# Task prompt:
Retype the data below exactly; skip every image.

# Data below:
++++
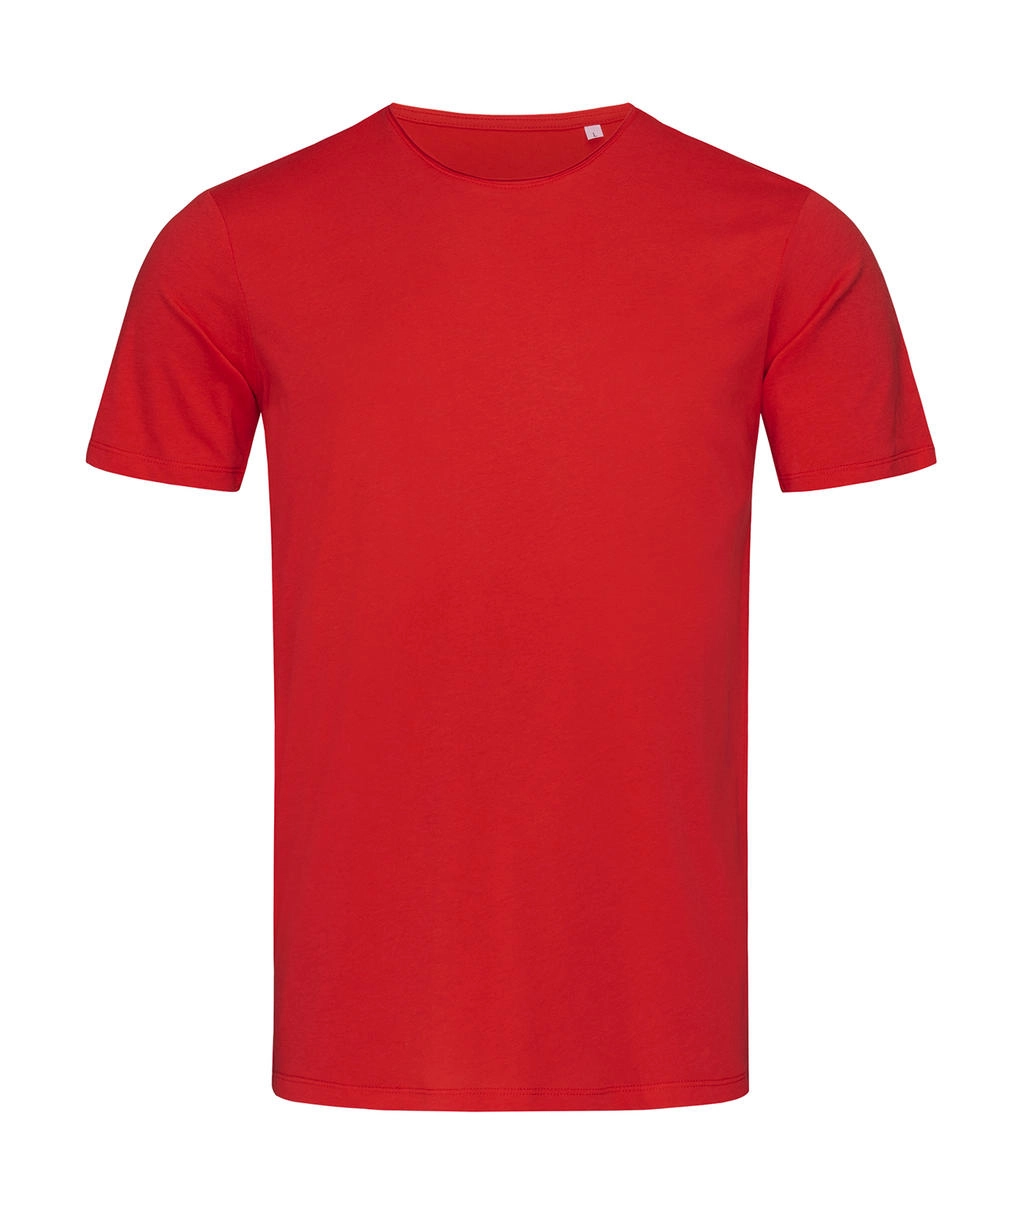 Finest Cotton-T Men zum Besticken und Bedrucken in der Farbe Crimson Red mit Ihren Logo, Schriftzug oder Motiv.
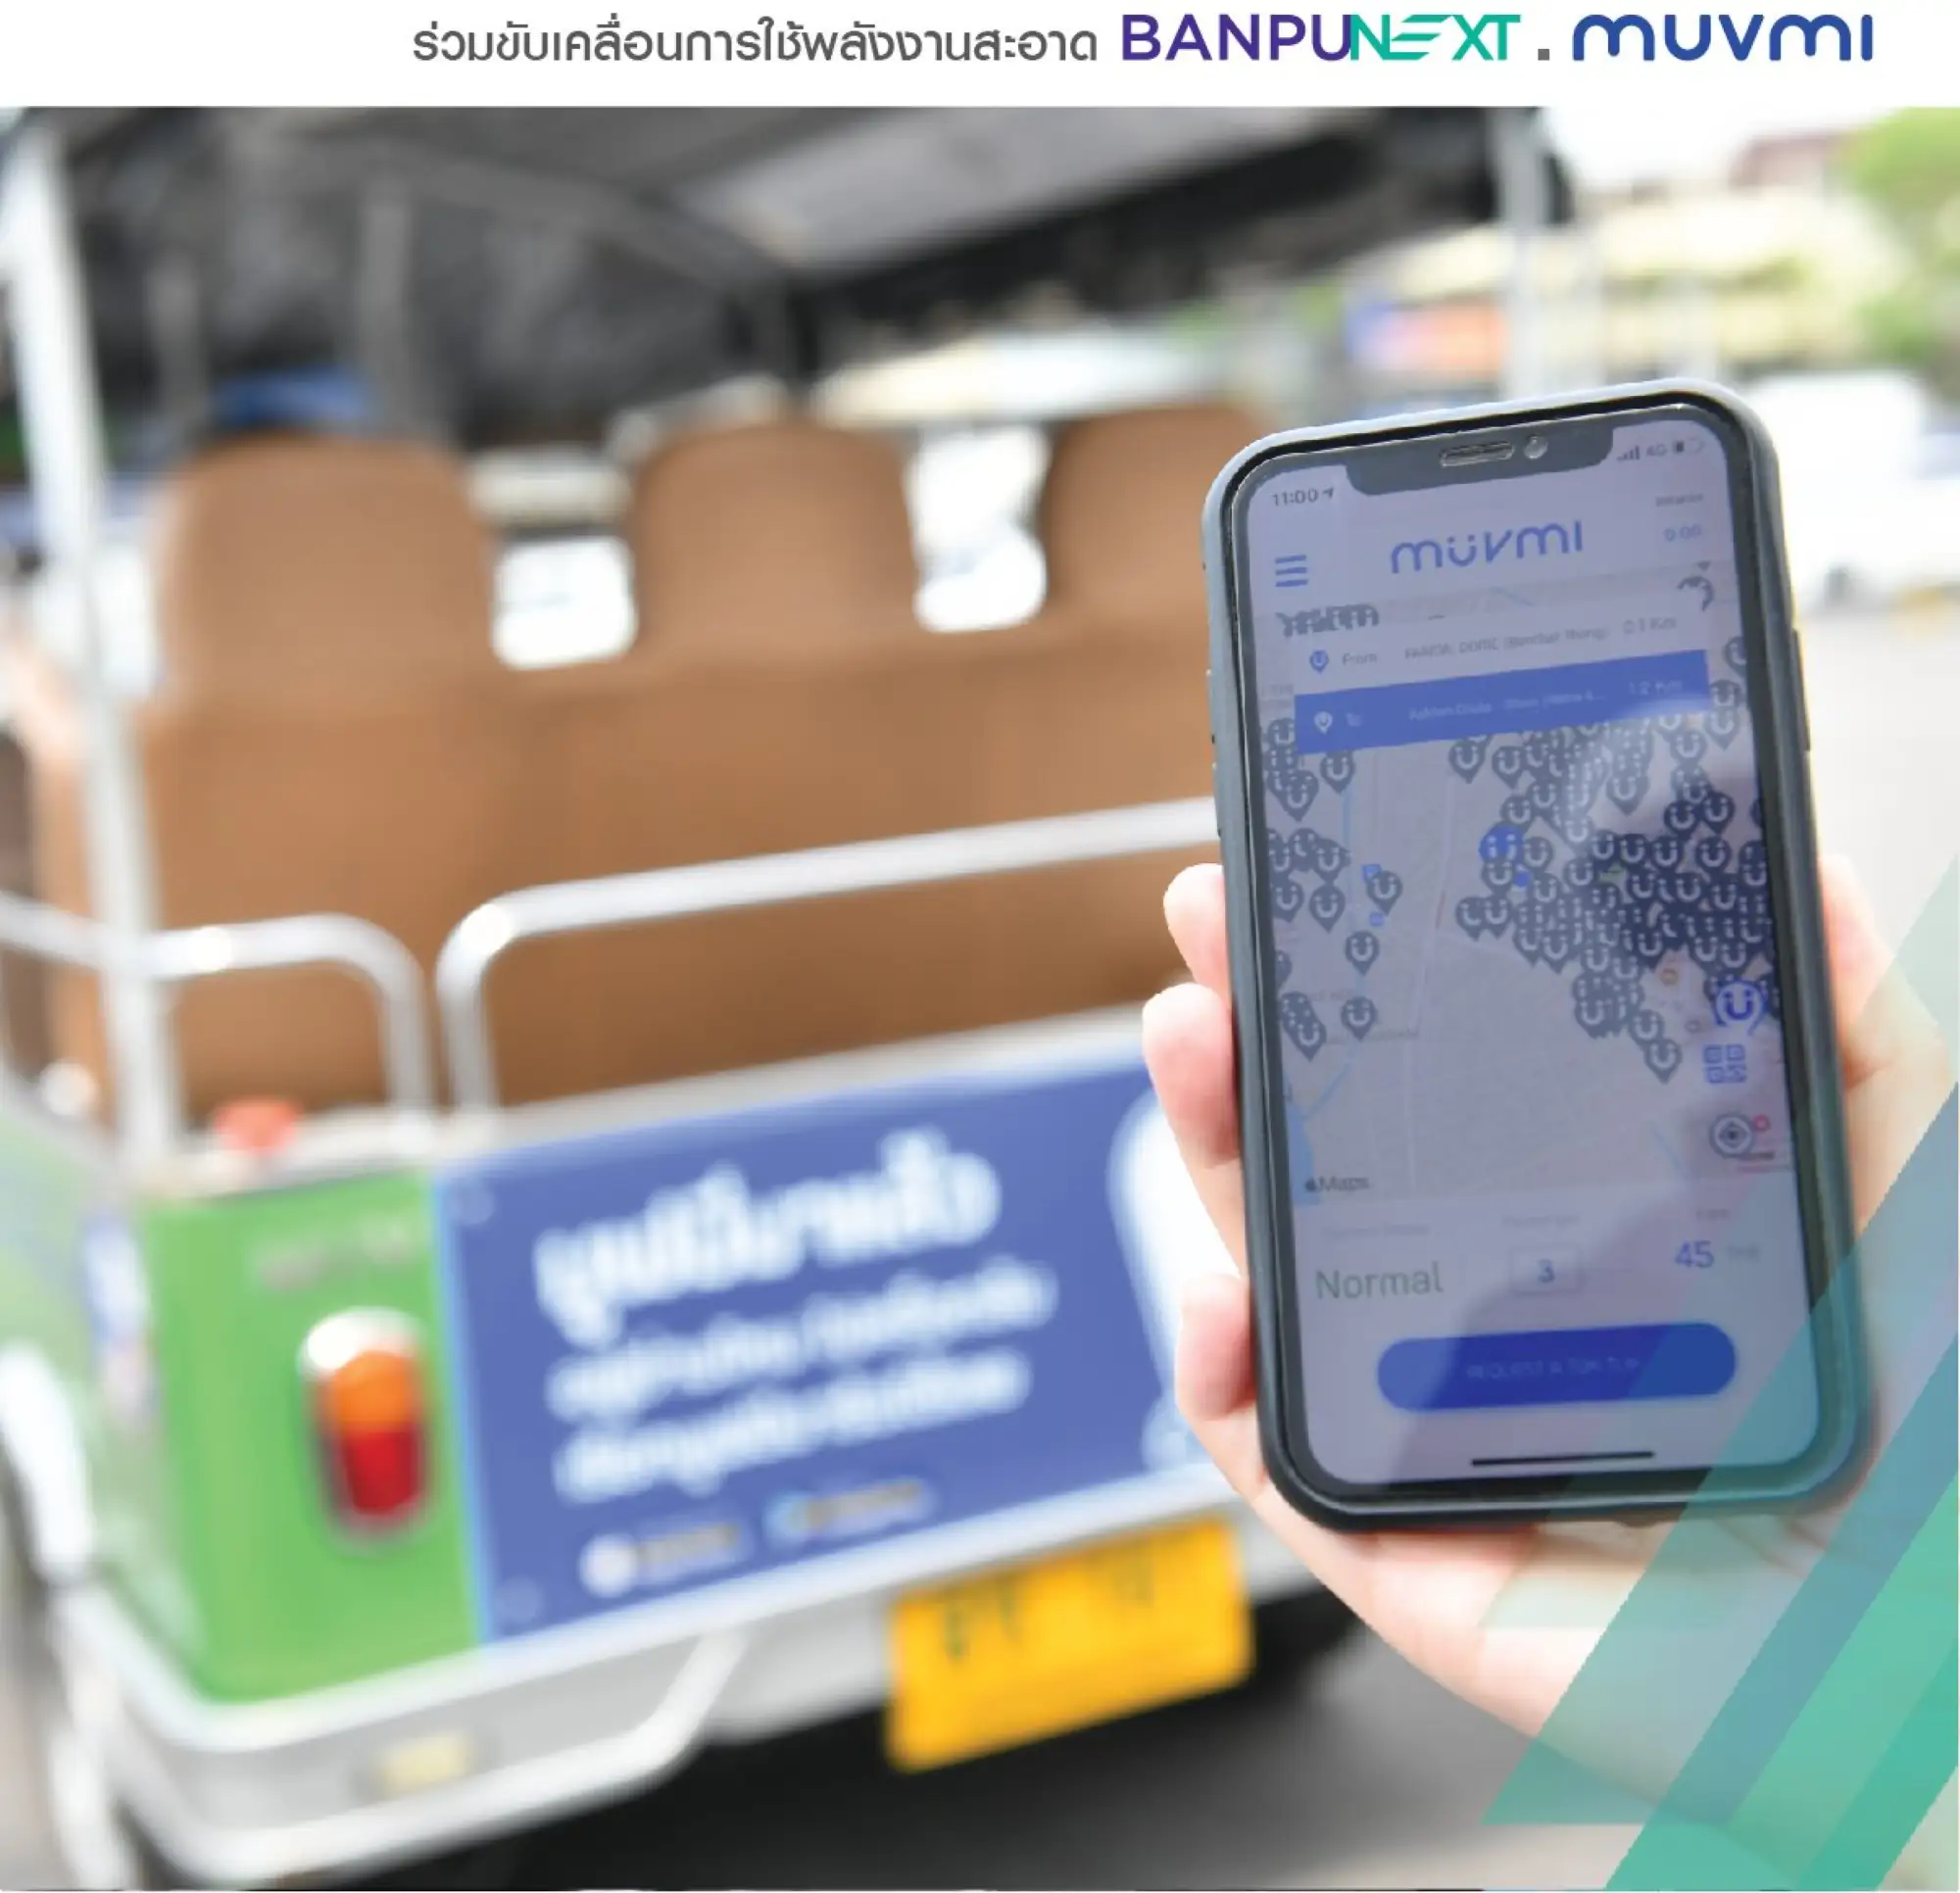 乘客要使用 MuvMi 嘟嘟車共乘服務，手機必須先下載APP（圖片來源：@muvmi臉書粉專）
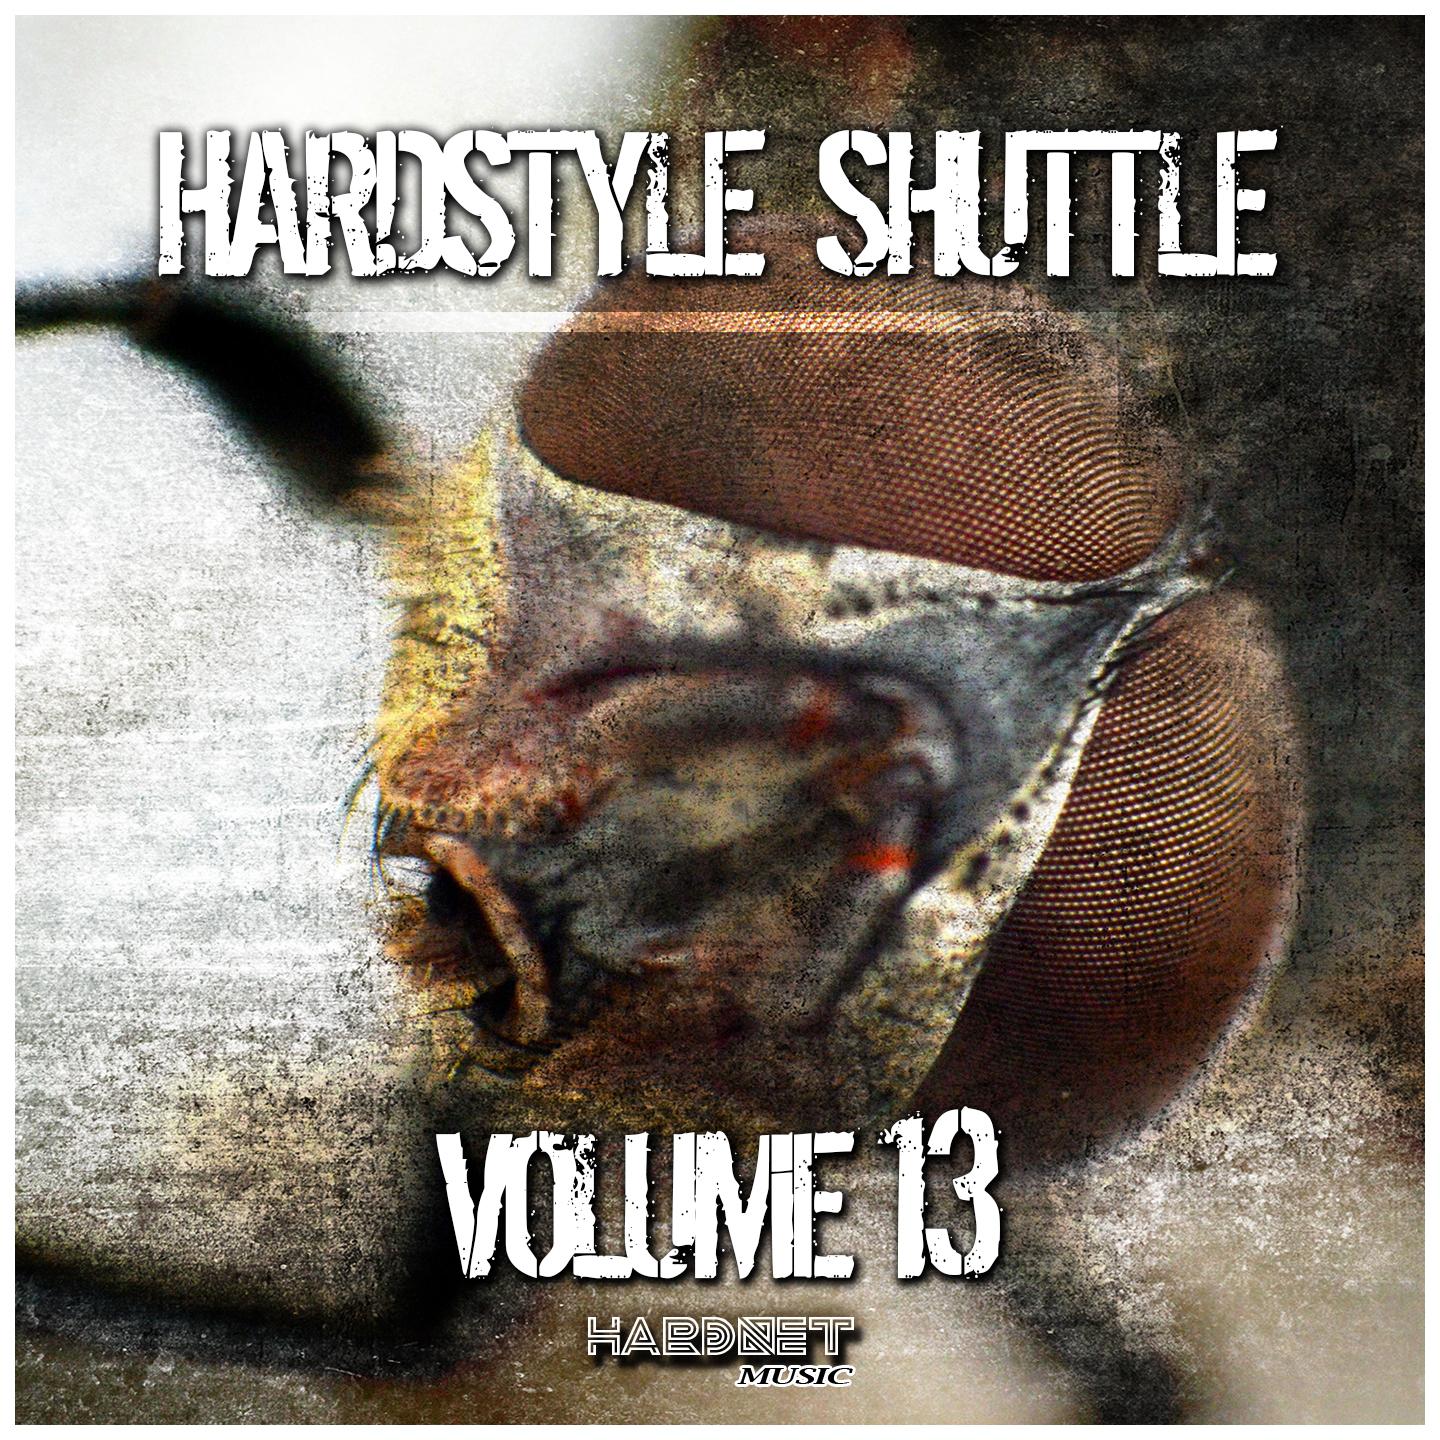 Hardstyle Shuttle, Vol.13
++++
# Task output:
 Finest Cotton-T Men zum Besticken und Bedrucken in der Farbe Crimson Red mit Ihren Logo, Schriftzug oder Motiv.
 乘客要使用 MuvMi 嘟嘟車共乘服務，手機必須先下載APP（圖片來源：@muvmi臉書粉專）
 Hardstyle Shuttle, Vol.13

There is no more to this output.